Environnements irrationnels

Les jugements rationnels répètent les jugements rationnels.

Les jugements irrationnels conduisent à de nouvelles expériences.

Sol LeWitt, Sentences on Conceptual Art (1969) 

Ce que j’observe dans le monde d’aujourd’hui est la cœxistence du contrôle ordonné et de l’aléatoire plus ou moins chaotique. En tant qu’artiste, j’utilise cette coexistence paradoxale pour bâtir des structures déstructurantes et développer des environnements irrationnels.

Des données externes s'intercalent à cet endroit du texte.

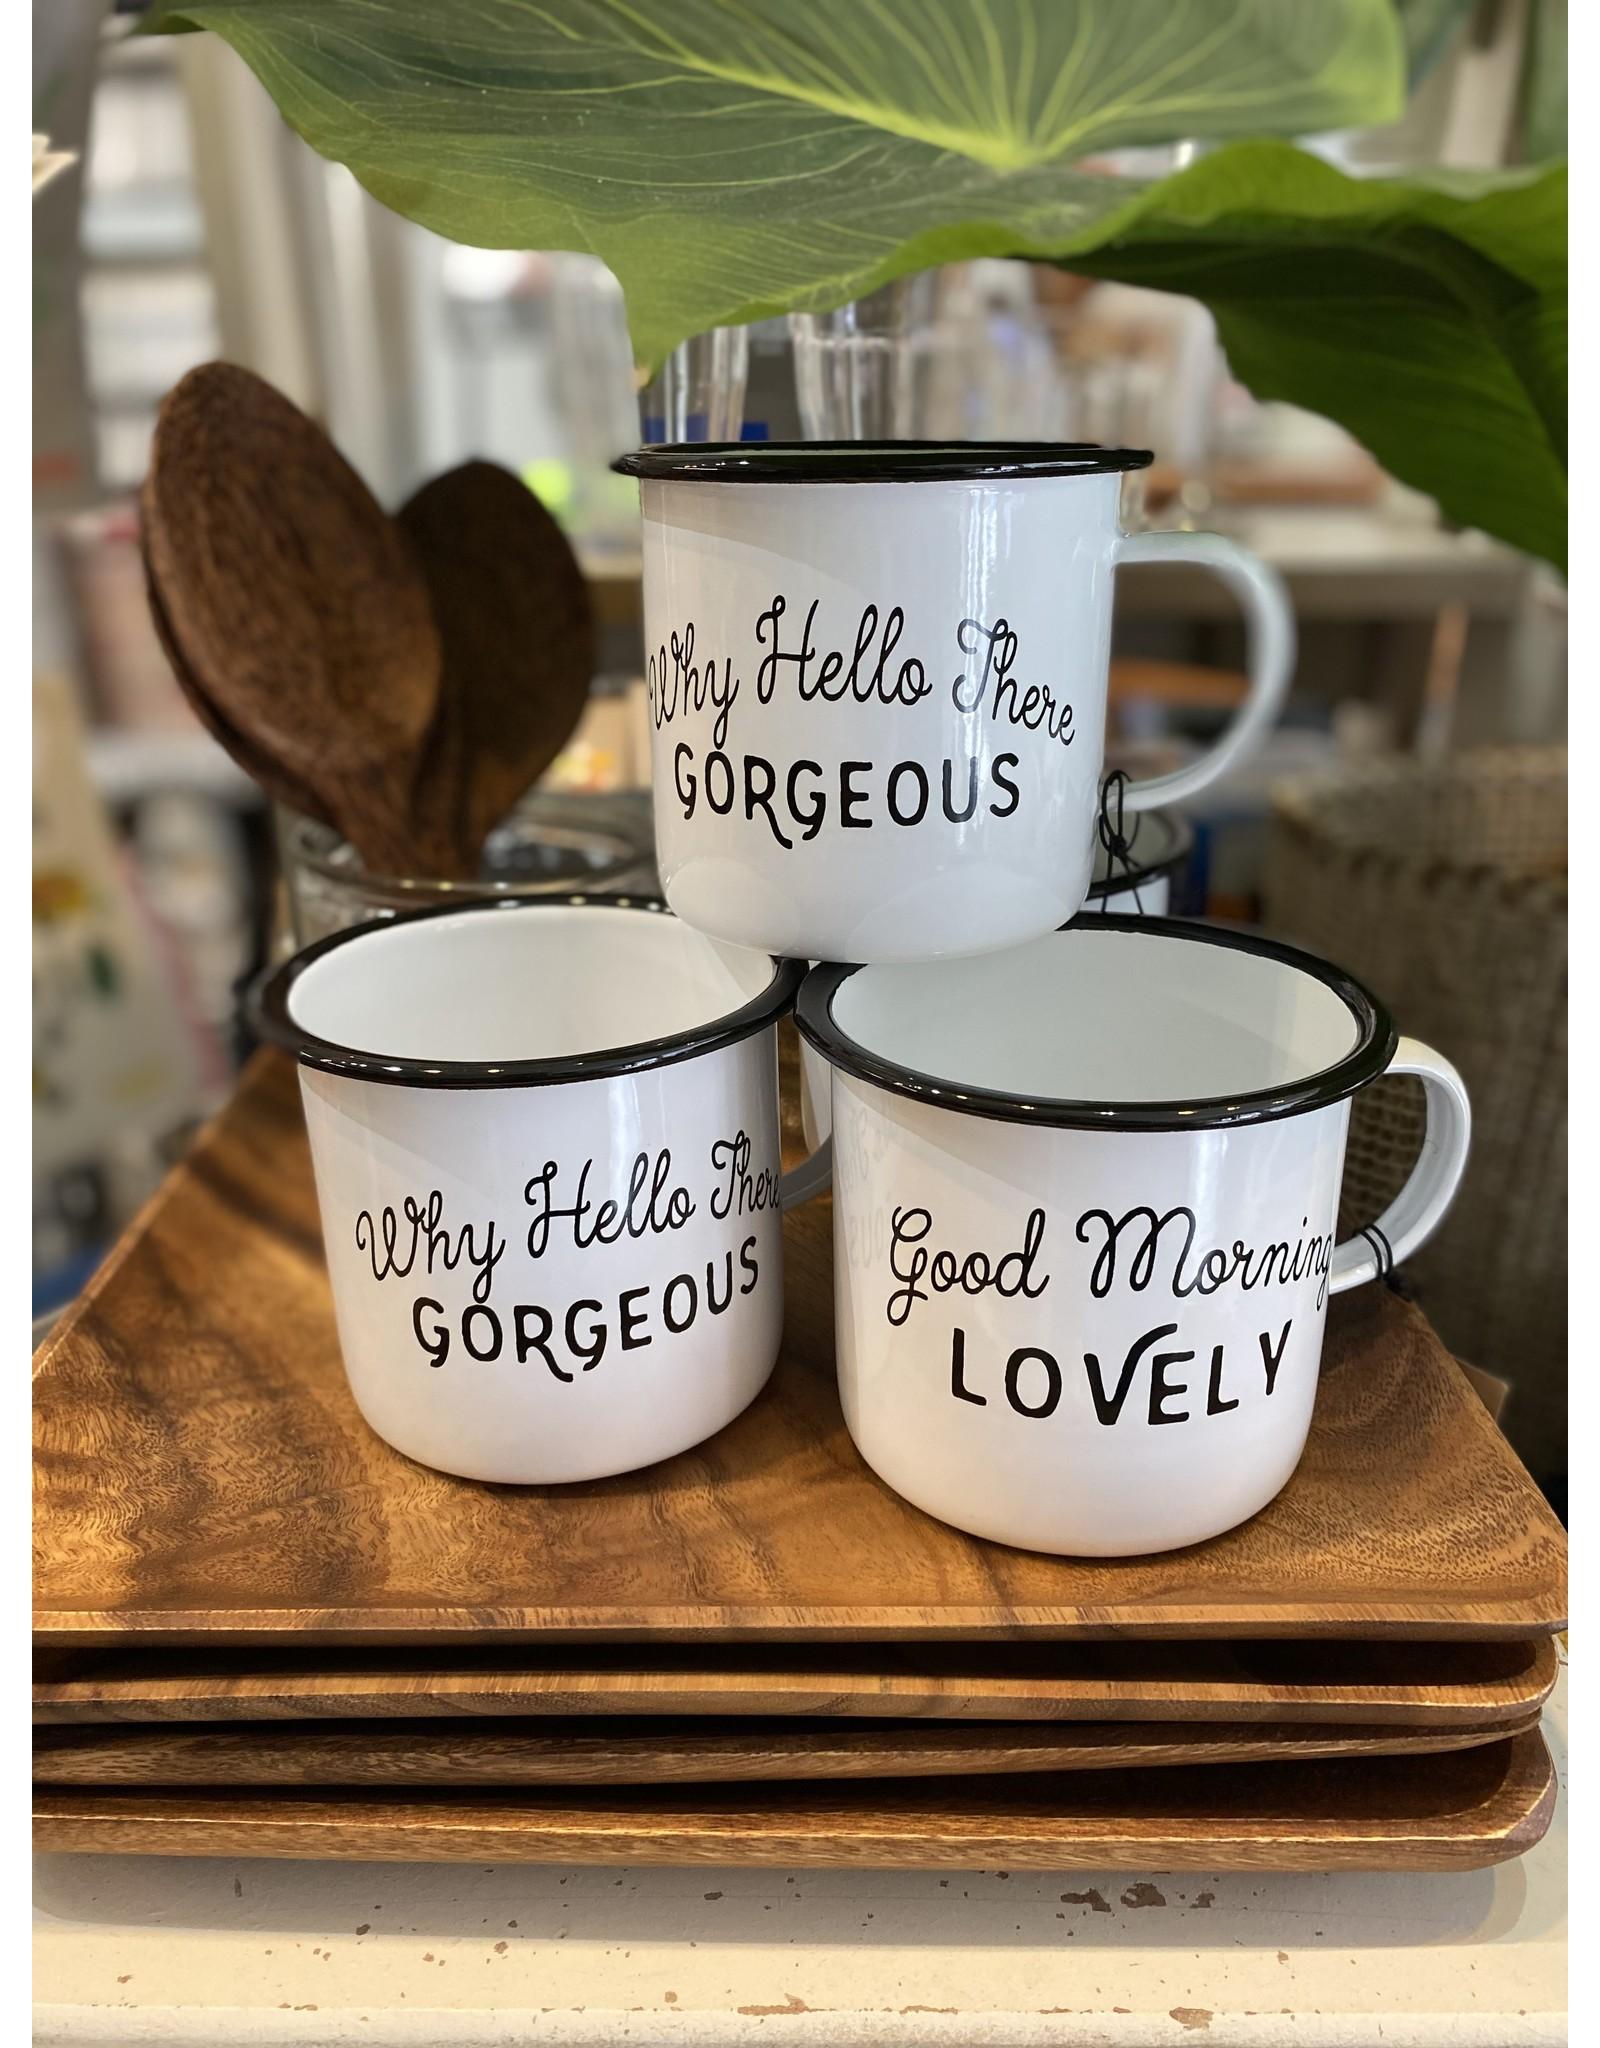 Enamel Mug with Saying
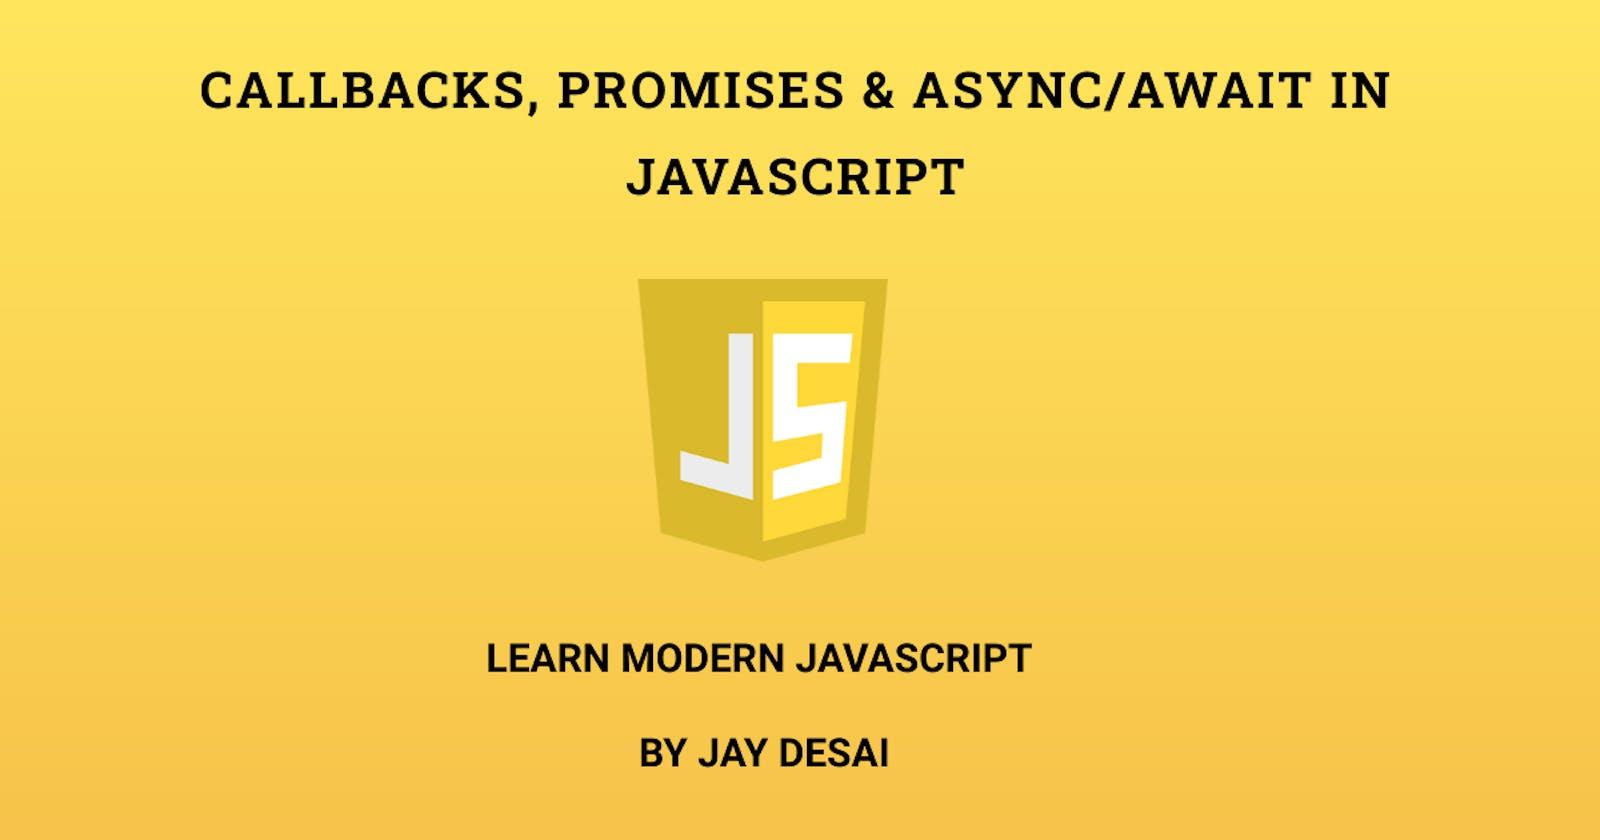 Callbacks, Promises & Async/Await in JavaScript

L’irrationnel est le résultat de la répétition excessive de processus simples. Cette activité est très similaire à celle de la pensée humaine. En effet, le cerveau humain comprend des neurones qui sont, eux-mêmes, composés de microtubules. Et ces microtubules fonctionnent comme des agents automates cellulaires à fonctionnement algorithmique. Descendant de l’arithmétique médiévale, l’algorithme est tout simplement depuis le dix-neuvième siècle une “suite de règles opératoires explicites”, autrement dit un ensemble d’instructions conçu pour exécuter une action. Par exemple : “Tracer 10 fois un segment de droite en faisant une rotation d’angle droit à chaque traçage”. L’ordinateur est l’outil idéal pour exécuter un algorithme, c’est en fait la seule chose qu’il est capable de faire. En effectuant “Tracer 10 fois un segment de droite en faisant une rotation d’angle droit à chaque traçage”, on obtient effectivement une structure composée de 10 droites. Par contre, si on effectue cette opération un million de fois, on ne voit plus un million de droites, mais un espace totalement différent où la notion de droite disparaît au profit d’autres signes. Et l’espace obtenu est imprévisible, instable et dynamique. Ainsi, les formes visuelles de mon travail émergent – elles ne sont pas intentionnellement programmées – de l’exécution à l’excès de processus simples et autonomes. Je ne conçois pas consciemment une structure. J’écris des règles simples et je les fais interagir ou se multiplier en boucle. Là où je me retrouve, l’environnement dans lequel je suis, c’est ça mon espace de travail (pour faire ce que W. S. Burroughs appelle “the job of the cosmonaut of inner space”).

En accumulation et en réseau, les microtubules des neurones du cerveau sont toutefois à l’origine de toutes les possibilités non algorithmiques du cerveau humain. La simplicité des éléments de base est importante. C’est pourquoi j’utilise des signes géométriques ou typographiques nés de l’arbitraire, afin de me retrouver dans des environnements plus riches et moins raisonnables que si je partais d’éléments figuratifs ou d’images. Avec les outils des technologies numériques, il est plus tentant de faire compliqué que simple. J’utilise, quant à moi, l’ordinateur de manière primaire, il est pour moi un outil computationnel apte à reproduire à l’infini la même tâche, ni plus ni moins. Et cette simplicité, en interagissant avec d’autres simplicités, crée de la complexité et de l’irrationalité. Cela fait apparaître différents environnements sensationnels (vertige, plénitude, vortex, hantise, allégresse, sensation d’infini, effet de déjà vu face à des structures non structurantes, etc.) qui ne proviennent pas que d’effets optiques ou géométriques, ni – paradoxalement – d’effets de nature purement technologique. Ainsi ma pratique artistique n’est-elle qu’une perpétuelle expérimentation dans l’inconnu et l’impensé.

Les environnements irrationnels auxquels j’aboutis par hasard et que je forme autoritairement par l’accumulation de lignes, se rapprochent des Songlines, ces lignes de chants des aborigènes australiens. Elles expriment une conception du monde en termes de parcours et de déplacement et offrent une autre dimension cartographique où leurs réseaux s’imbriquent dans le paysage. A moi de troubler tout un chacun en le confrontant, par le truchement de mes œuvres, et de leur excès de processus technologiques, à “son” irrationnel primitif.